Collected data entries
== Segment start ==

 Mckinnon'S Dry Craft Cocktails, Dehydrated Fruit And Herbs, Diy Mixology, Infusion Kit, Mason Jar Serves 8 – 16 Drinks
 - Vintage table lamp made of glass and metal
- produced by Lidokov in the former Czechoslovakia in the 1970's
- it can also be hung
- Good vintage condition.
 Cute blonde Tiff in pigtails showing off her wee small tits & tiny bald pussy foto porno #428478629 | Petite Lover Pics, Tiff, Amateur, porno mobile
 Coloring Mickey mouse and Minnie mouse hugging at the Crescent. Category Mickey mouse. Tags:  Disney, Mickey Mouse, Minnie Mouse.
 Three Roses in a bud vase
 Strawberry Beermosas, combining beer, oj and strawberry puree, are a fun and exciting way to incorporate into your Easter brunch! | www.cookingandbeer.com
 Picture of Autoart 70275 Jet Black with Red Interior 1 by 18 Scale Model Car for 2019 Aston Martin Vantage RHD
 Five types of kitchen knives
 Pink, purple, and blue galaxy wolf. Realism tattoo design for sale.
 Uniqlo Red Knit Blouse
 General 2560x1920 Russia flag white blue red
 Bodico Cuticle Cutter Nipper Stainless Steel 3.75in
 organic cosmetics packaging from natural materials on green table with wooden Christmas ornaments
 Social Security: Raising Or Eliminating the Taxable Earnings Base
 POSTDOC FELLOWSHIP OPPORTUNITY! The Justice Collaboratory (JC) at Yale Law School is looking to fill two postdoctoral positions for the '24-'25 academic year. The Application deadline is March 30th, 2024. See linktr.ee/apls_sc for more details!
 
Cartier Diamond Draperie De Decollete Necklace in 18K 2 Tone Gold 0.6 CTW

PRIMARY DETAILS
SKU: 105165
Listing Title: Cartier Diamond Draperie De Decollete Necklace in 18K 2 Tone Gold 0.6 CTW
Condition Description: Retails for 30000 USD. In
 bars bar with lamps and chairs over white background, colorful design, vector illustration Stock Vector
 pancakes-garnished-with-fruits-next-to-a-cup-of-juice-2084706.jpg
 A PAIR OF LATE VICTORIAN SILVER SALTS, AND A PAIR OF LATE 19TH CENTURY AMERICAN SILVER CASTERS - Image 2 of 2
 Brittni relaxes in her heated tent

== Segment end ==

**Exercise brief**
A single figure must be given: how many lines of the records above include the string "Decollete".

**Response to the exercise**
2